Here's the DPR's original instruction for reader training. We trained reader model for large datasets using a single 8 GPU x 32 GB server.

python train_reader.py \
   --seed 42 \
   --learning_rate 1e-5 \
   --eval_step 2000 \
   --do_lower_case \
   --eval_top_docs 50 \
   --encoder_model_type hf_bert \
   --pretrained_model_cfg bert-base-uncased \
   --train_file "{glob expression for train output files from step 4}" \
   --dev_file {glob expression for dev output file from step 4} \
   --warmup_steps 0 \
   --sequence_length 350 \
   --batch_size 16 \
   --passages_per_question 24 \
   --num_train_epochs 100000 \
   --dev_batch_size 72 \
   --passages_per_question_predict 50 \
   --output_dir {your save dir path}  

We found that using the learning rate above works best with static schedule, so one needs to stop training manually based on evaluation performance dynamics.
Our best results were achieved on 16-18 training epochs or after ~60k model updates.

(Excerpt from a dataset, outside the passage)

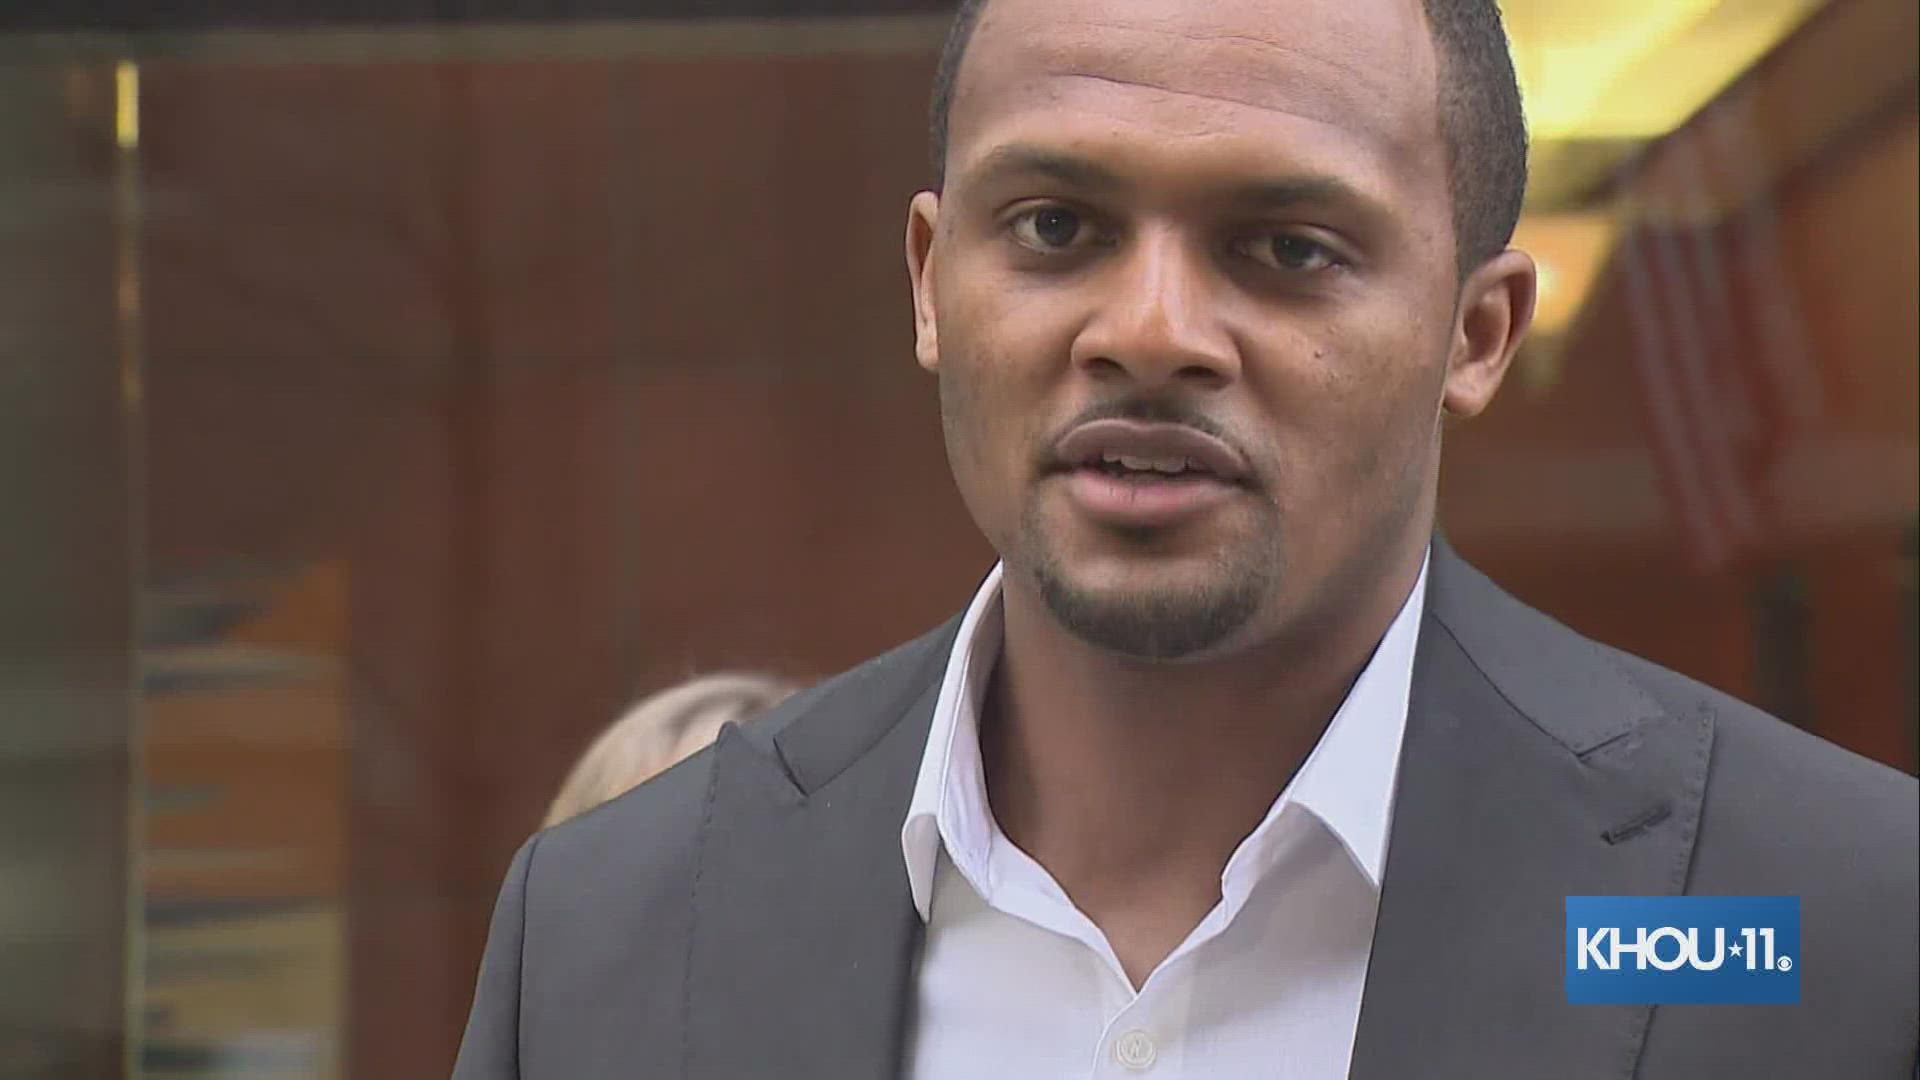 Deshaun Watson Speaks Publicly For First Time Since Accusations After Grand Jury Declines To 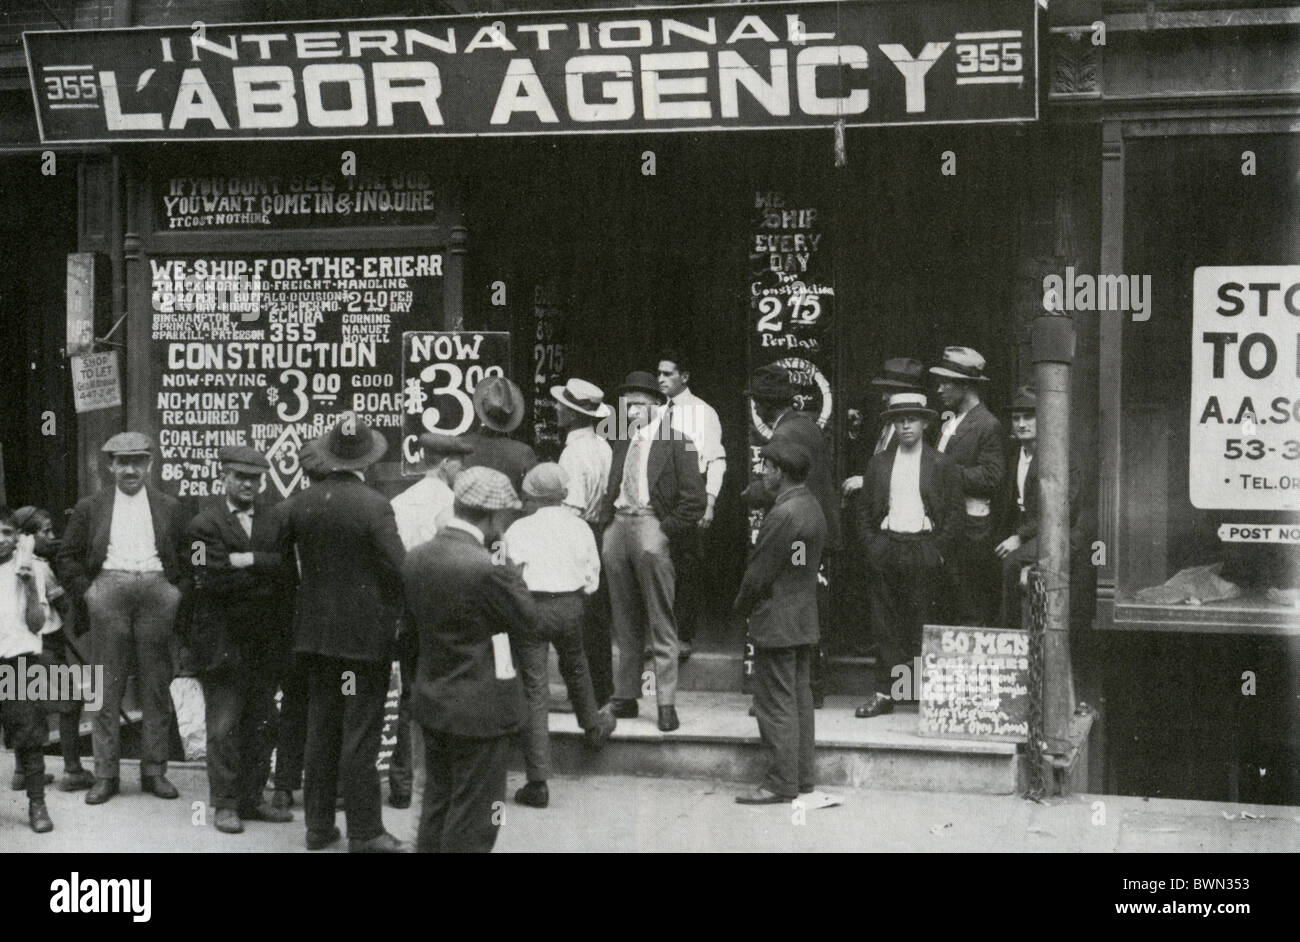 JOB AGENCY in New York, 1910. Most adverts relate to coal mining and construction. Photo by Lewis Hine Stock Photo

We provide all input and intermediate results for e2e pipeline for NQ dataset and most of the similar resources for Trivia.

Misc.

  • TREC validation requires regexp based matching. We support only retriever validation in the regexp mode. See --match parameter option.
  • WebQ validation requires entity normalization, which is not included as of now.

Reference

If you find GC-DPR helpful, please consider citing our paper:

@inproceedings{gao2021scaling,
      title={Scaling Deep Contrastive Learning Batch Size under Memory Limited Setup},
      author={Luyu Gao, Yunyi Zhang, Jiawei Han, Jamie Callan},
      booktitle ={Proceedings of the 6th Workshop on Representation Learning for NLP},
      year={2021},
}

Also consider citing the original DPR paper:

@misc{karpukhin2020dense,  
    title={Dense Passage Retrieval for Open-Domain Question Answering},  
    author={Vladimir Karpukhin and Barlas Oğuz and Sewon Min and Patrick Lewis and Ledell Wu and Sergey Edunov and Danqi Chen and Wen-tau Yih},  
    year={2020},  
    eprint={2004.04906},  
    archivePrefix={arXiv},  
    primaryClass={cs.CL}  
}  

License

GC-DPR inherits DPR's CC-BY-NC 4.0 licensed as of now.